Abstract

The replacement of single anterior teeth by means of endosseous implants implies the achievement of success in restoring both aesthetic and function. However, the presence of wide endoperiodontal lesions can lead to horizontal hard and soft tissues defects after tooth extraction, making it impossible to correctly place an implant in the compromised alveolar socket. Vertical augmentation procedures have been proposed to solve these clinical situations, but the amount of new regenerated bone is still not predictable. Furthermore, bone augmentation can be complicated by the presence of adjacent teeth, especially if they bring with them periodontal defects. Therefore, it is used to restore periodontal health of adjacent teeth before making any augmentation procedures and to wait a certain healing period before placing an implant in vertically augmented sites, otherwise risking to obtain a nonsatisfactory aesthetic result. All of these procedures, however, lead to an expansion of treatment time which should affect patient compliance. For this reason, this case report suggests a surgical technique to perform vertical bone augmentation at a single gap left by a central upper incisor while placing an implant and simultaneously to regenerate the periodontal attachment of an adjacent lateral incisor, without compromising the aesthetic result.

1. Introduction

Implant therapy was first introduced for the rehabilitation of completely edentulous jaws and has become today a viable option for the rehabilitation of partial and single edentulism [1]. In the anterior maxilla, a successful implant procedure requires not only well-anchored implants, but also natural looking result. The only way to gain this result is to correctly place implants in all the three dimensions of bone (i.e., apicocoronal, faciolingual, and mesiodistal) [2]. Unfortunately, this cannot always be achieved with dental implants due to the presence of alveolar defects. Several clinical and histologic studies have shown the dynamic resorptive process that unfolds after tooth extraction [3]. When the alveolar site presents deficiencies, many techniques can be used for its development. Vertical ridge augmentation has shown to be effective with several techniques, such as onlay autografts or particulate autogenous and xenogeneic bone covered by nonresorbable membranes [46]. Paramount to the success of vertical ridge augmentation are five crucial factors: biocompatibility, cell occlusion, space-provision, tissue integration, and ease of use [7].

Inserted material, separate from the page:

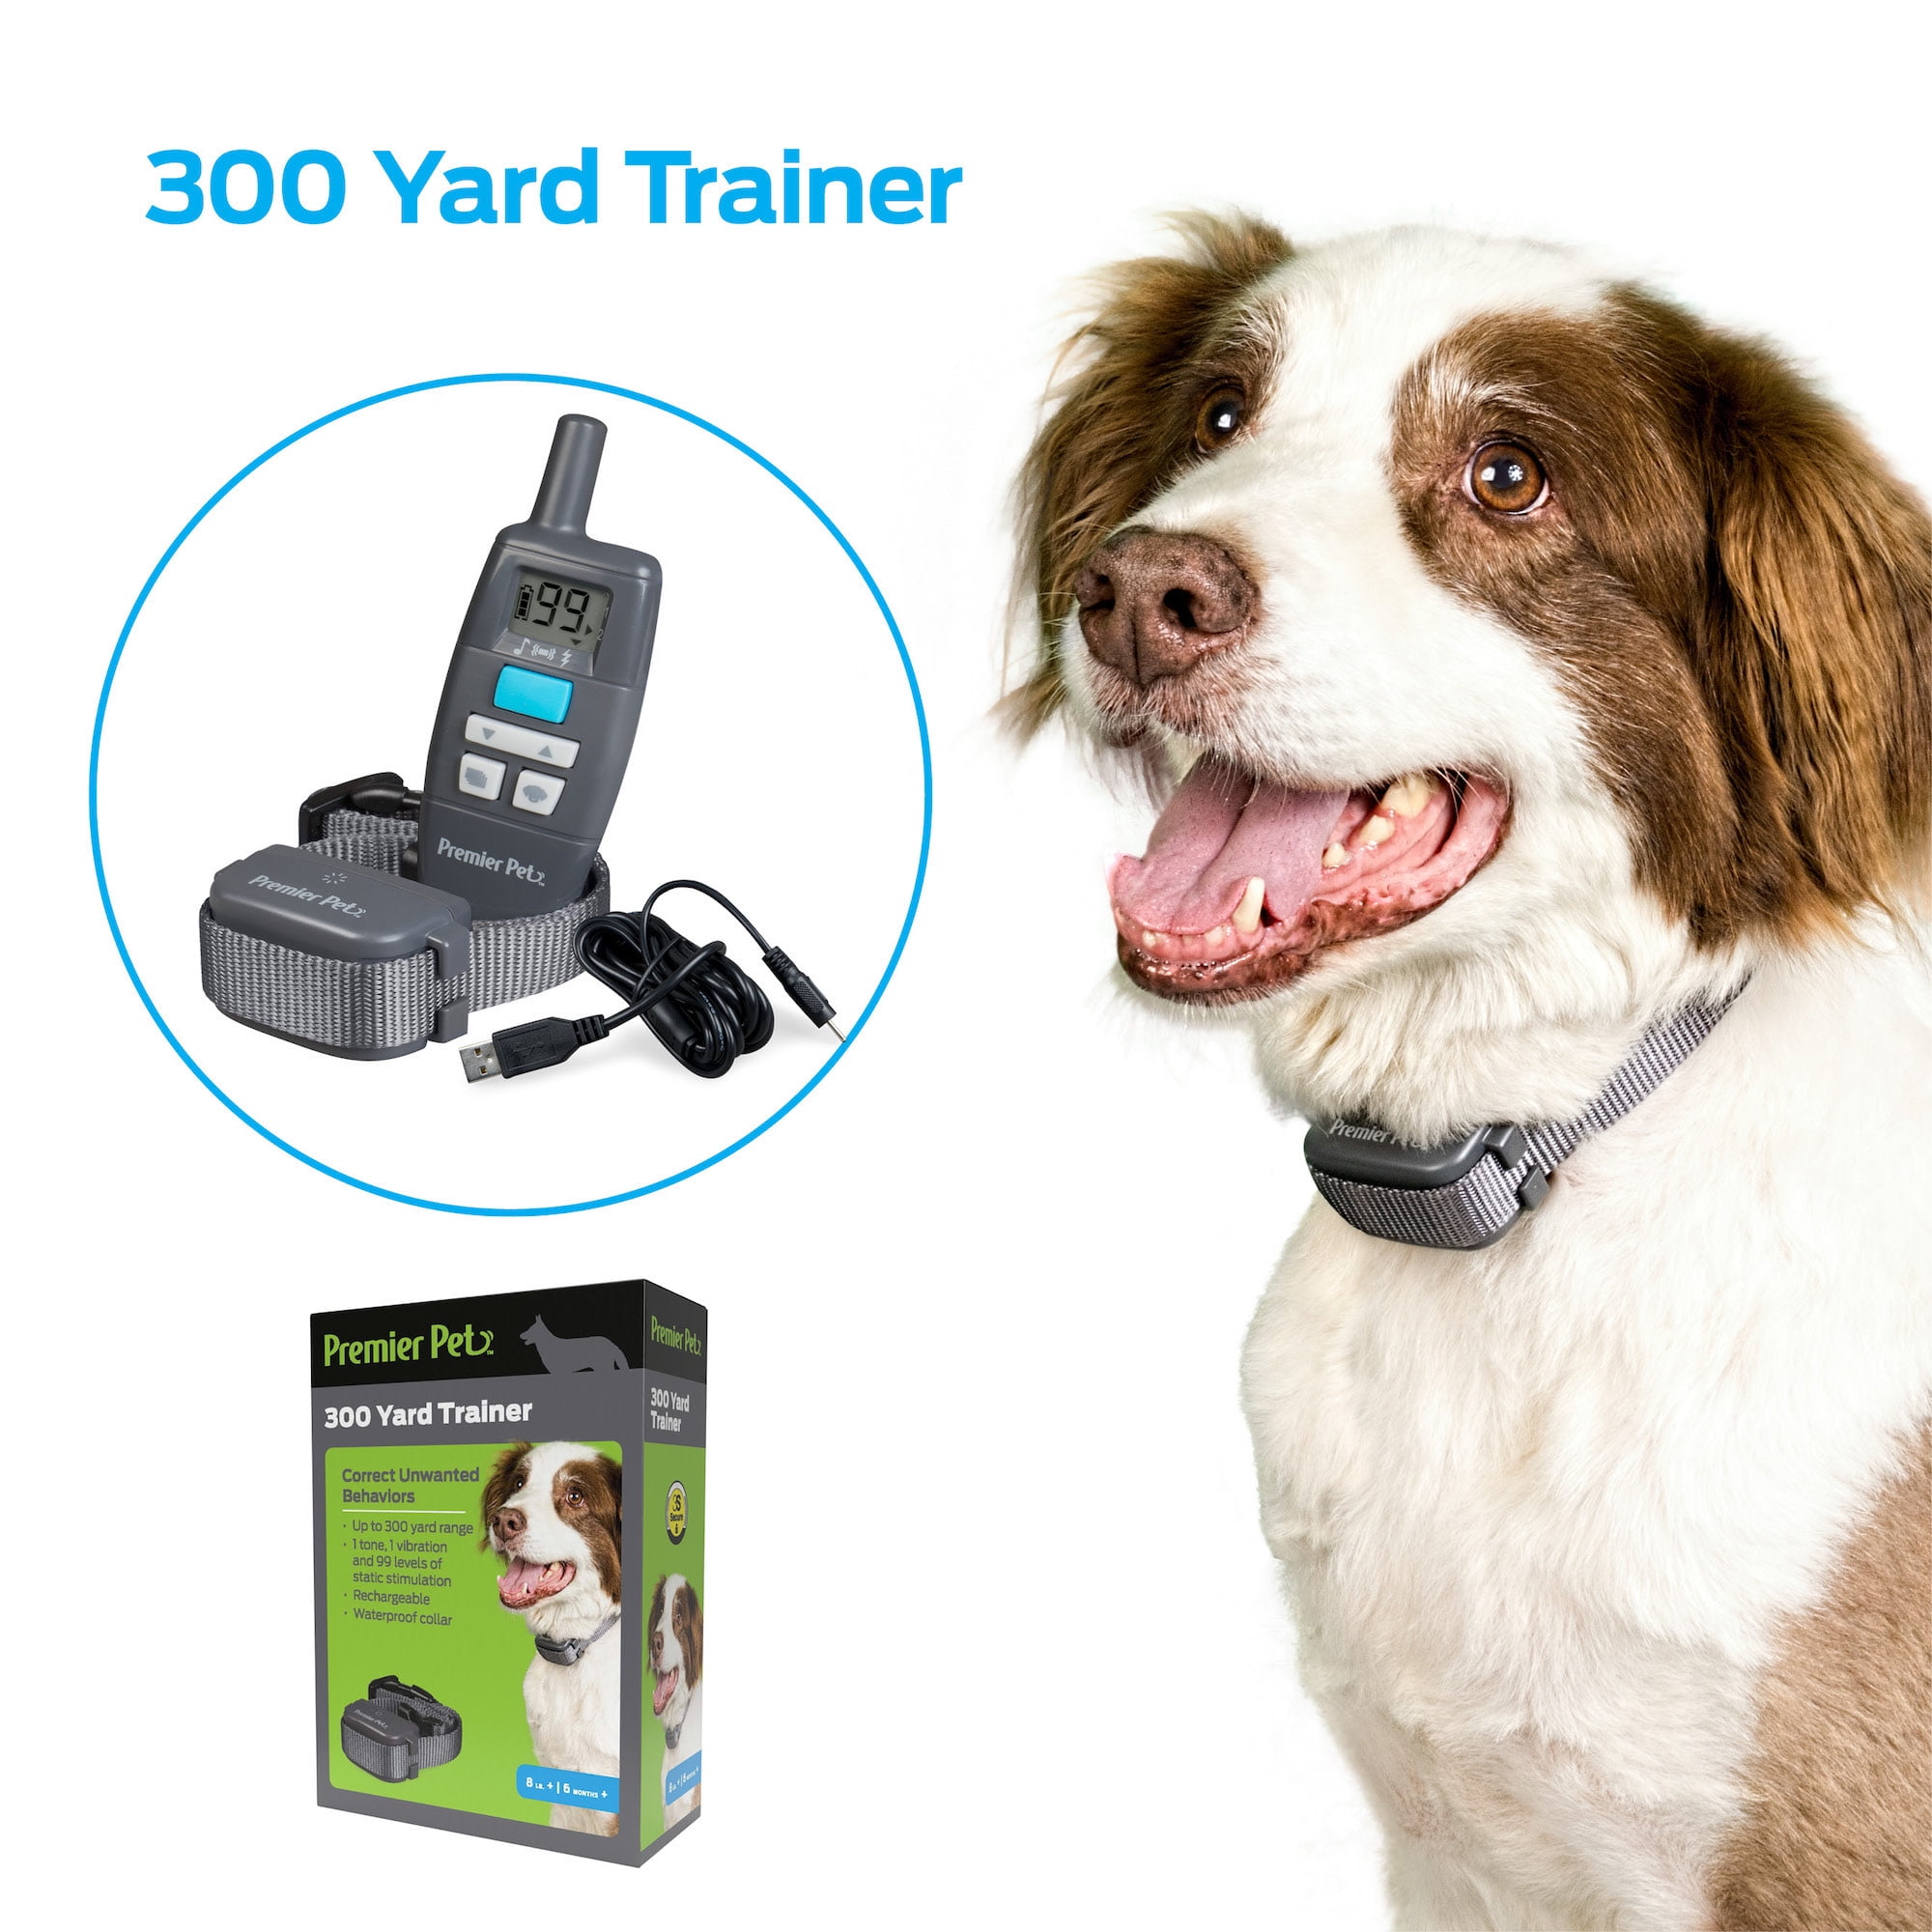 Details about   Dog Training Collar Shock Remote Waterproof Rechargeable 330 Yard Pet Large New

Most of the published studies report on the outcomes of augmentation procedures in completely edentulous areas. The surgical management of edentulous ridges involves a simpler management of soft tissues in order to obtain a primary wound closure and reduce the risk of bacterial contamination. Alternatively, the presence of teeth in close proximity to the atrophic alveolar ridge can affect the procedure, in particular when teeth present periodontal morbidity [8]. The presence of horizontal defects on implant adjacent teeth limits the possibility of interproximal soft tissue overgrowth between teeth and implants, leading to the need to regenerate the lost periodontal attachment. While ridge augmentation has proven to be effective and predictable, supra-alveolar periodontal regeneration has not yet been demonstrated. Therefore, in clinical practice, periodontal regeneration should precede alveolar augmentation and implant placement. Furthermore, although vertical bone regeneration should occur, it is impossible to predict the amount of resorption of the grafted material, thus leading to the risk of finding part of the implant surface exposed after a certain period of time, if bone augmentation and implant placement are performed simultaneously.

Few reports can be found concerning the feasibility of regenerating a lost periodontal attachment around a tooth, while at the same time performing a vertical ridge augmentation to allow for the delayed placement of an implant [9].

The case report presented here illustrates a technique to regenerate the lost periodontal attachment, improve bone volumes, and allow the simultaneous placement of an implant in the adjacent edentulous alveolar ridge in order to achieve a good aesthetic result in a short rehabilitation time.

2. Case Presentation

A 43-year-old woman was referred to us presenting a hopeless upper left central incisor, affected by a large endoperiodontal lesion involving the buccal wall of the alveolar crest and the mesial aspect of the neighboring lateral incisor (Figures 1 and 2). The patient accepted the proposal of extracting the tooth and to replace it with an implant. The extraction was performed with minimal trauma and the extraction socket was filled with absorbable hemostatic gelatin sponge (Spongostan Dental, Ethicon, Edinburgh, UK) (Figures 3 and 4). The root of the extracted tooth was cut out and the remaining crown was used as provisional pontic element until the implant would have been placed (Figures 5 and 6).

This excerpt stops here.